Грешный грешным - Леонид Семенов
Шрифт:
Интервал:
Закладка:
К концу зимы тюрьма переполнилась, и за недостатком места стали и в одиночки сажать по двое и даже более заключенных. Одного, огромного ростом, светлого, чистого и немолодого уже крестьянина посадили и со мной. Целый месяц с ним вдвоем с глазу на глаз, с утра до вечера. Сколько разговоров, сколько бесед с ним. Он — брат мой. Какое это чудное, сладостное и гордое чувство, впервые открывшееся мне здесь, в этой камере острога, за всю мою жизнь. Это был настоящий медовый месяц любви моей. Не знаю, как иначе назвать это. Потом весна. Народу все прибывало и прибывало, невозможно уже было держать нас по двое, стали сажать нас в кучки и выпускать чуть ли не на целый день на двор, за недостатком воздуха в камерах….. Уже не нужно было тайных бумажек, виделись и говорили теперь все друг другу лицом к лицу. Наконец, в начале мая, когда собралась первая Дума, меня выпустили, а вскоре после меня выпустили и всех других, — кого на поруки, кого под залог. Я с новыми мыслями и надеждами полетел бодрый и радостный в Петербург.

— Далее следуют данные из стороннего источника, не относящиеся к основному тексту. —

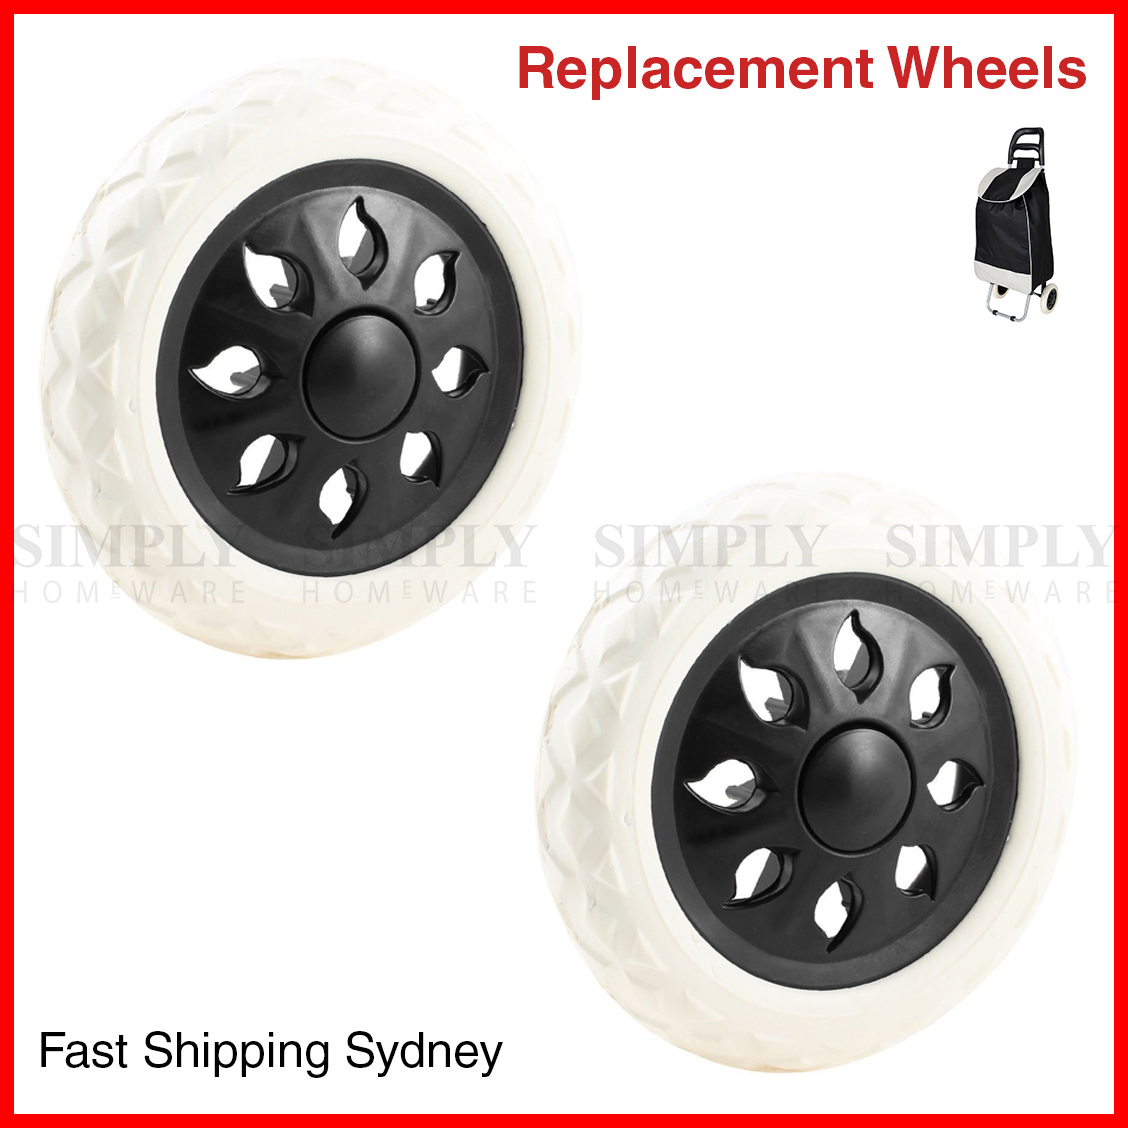 2x Replacement Wheels Shopping Cart Replace Trolley Foldable Luggage Black White

Но еще одно странное и таинственно сладостное чувство уносил я из Оскольского острога — и не мог понять откуда оно и что оно значит, но точно было какое-то предчувствие….. Когда томился еще в остроге и бродил по двору, вдыхая воздух весны, и вглядывался в дрожащую даль весенних полей из решетчатых окон камеры, вдруг такая неудержимая жалость ко всем далеким и близким людям и к себе иногда охватывала сердце и сжимала грудь, что невольно навертывались слезы на глаза, все на миг исчезало кругом, как в тумане, и вот неведомо как слагался на устах неожиданный новый стих, которому я и не мог тогда придумать никакого объяснения и продолжения, но который часто шептал про себя и любил….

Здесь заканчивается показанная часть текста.